Trump said the deal "was done through" SoftBank CEO Masayoshi Son, a Japanese billionaire and technology investor. Earlier this month, Trump and Son announced in New York that SoftBank had agreed to invest $50 billion in the U.S. and aimed to create 50,000 jobs.
While Trump made a point to announce the Sprint job creation, those positions are part of the previously-announced deal with SoftBank, a Sprint spokesman told NBC News.
"The 5,000 jobs announced today are part of the 50,000 jobs that Masa Son [Masayoshi Son, founder and CEO of SoftBank] announced a few weeks ago, but these jobs will be funded by Sprint," the Sprint spokesman said.
SoftBank owns about 80 percent of Sprint and earlier this month invested $1 billion in OneWeb, a U.S. satellite venture that aims to provide affordable internet. Son said at the time that the OneWeb investment was the "first step" in his commitment to Trump.
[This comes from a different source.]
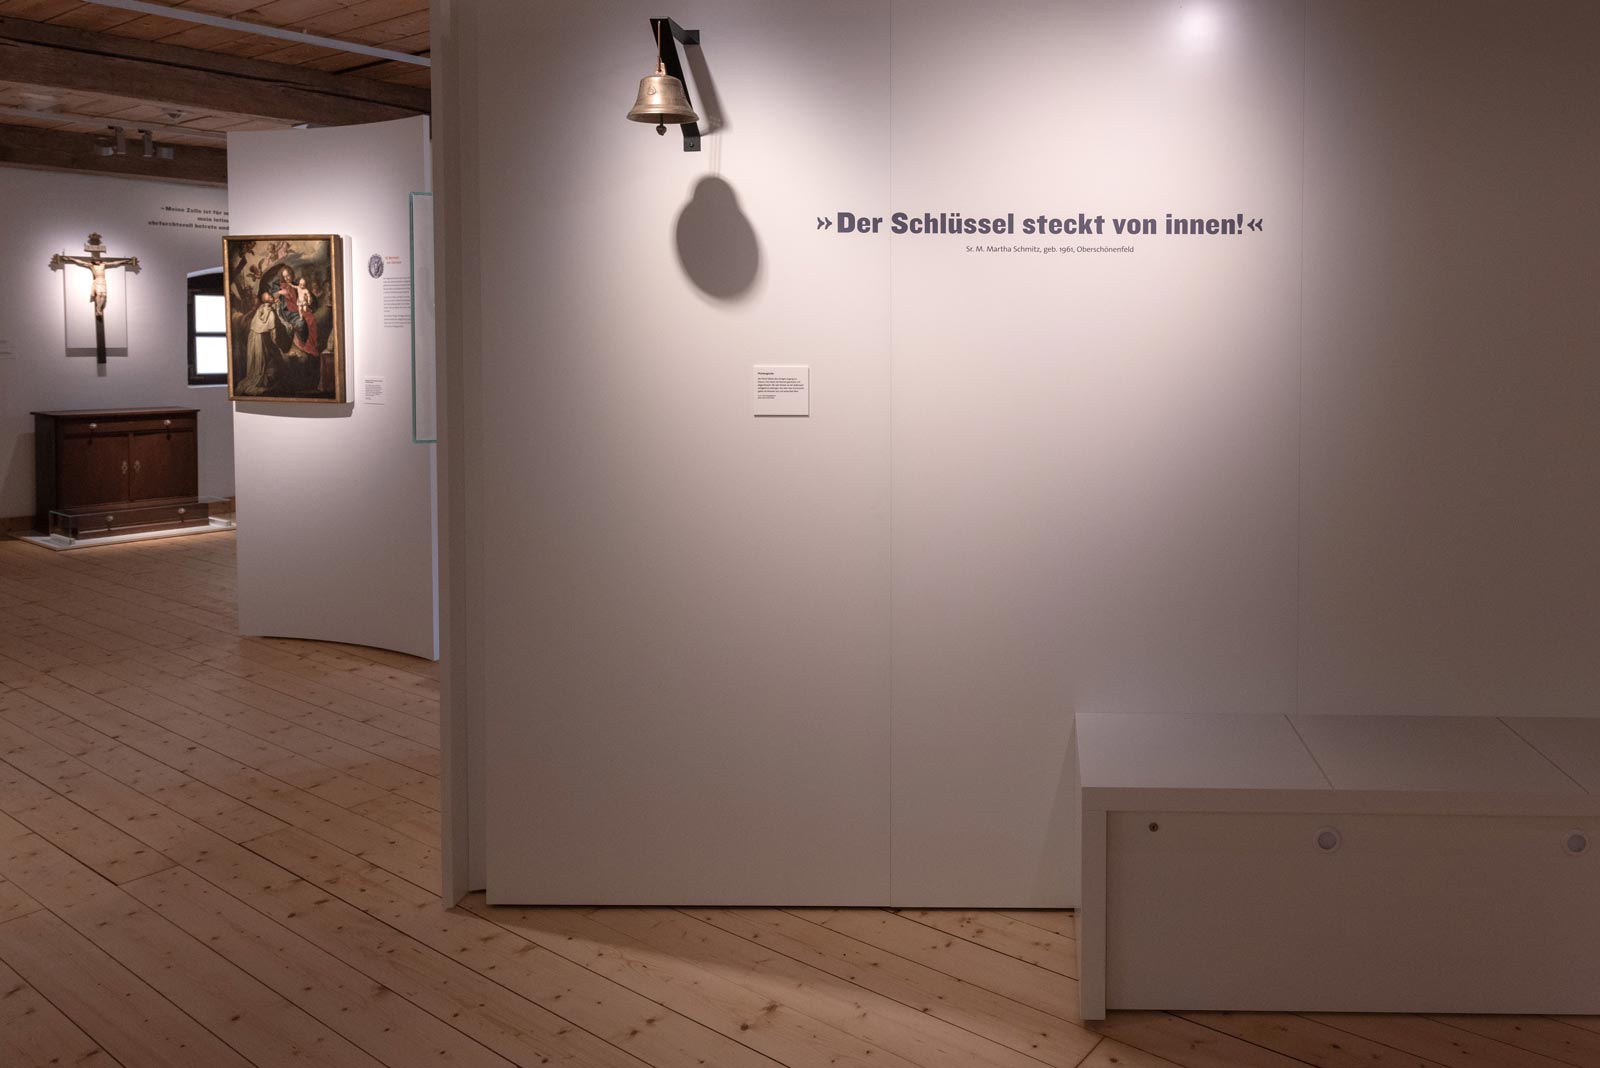 Das Referenzbild für Ausstellungsgestaltung aus der Dauerausstellung Tradition und Umbruch zeigt eine Rauminszenierung.

Trump earlier claimed the SoftBank investment was a direct result of his election. However, the $50 billion will come from a previously announced $100 billion investment fund set up with Saudi Arabia, according to Dow Jones, and SoftBank has a long history of investing in the U.S.
Trump again claimed Wednesday that the jobs were a result of his election.
"Because of what's happening and the spirit and the hope, I was just called by the head people at Sprint and they're going to be bringing 5,000 jobs back to the United States and taking them from other countries," Trump told reporters Wednesday at his Mar-a-Lago resort in Florida. "They're bringing them back to the United States and Masa and some other people were very much involved in that so I want to thank them. And OneWeb, a new company, is going to be hiring 3,000 people and that's very exciting."
It is not clear exactly from where the Sprint positions will be moved. The company said in a statement that the jobs will support a "variety of functions" like customer care and sales. It added that it will start talking to business partners, states and cities to determine the locations for the jobs.
On the campaign trail, Trump repeatedly urged companies to keep jobs in the United States, arguing that his predecessors helped to push positions abroad through what he called bad trade deals and regulations. He previously announced a deal with United Technologies unit Carrier to keep some of the jobs it planned to move to Mexico in Indiana.
Carrier said Indiana agreed to give it $7 million in financial incentives over multiple years to keep some operations in the state, while it will still close a separate facility and move 700 jobs to Mexico. The deal also prompted concerns that Trump would intervene with companies on an individual basis and potentially pick winners and losers.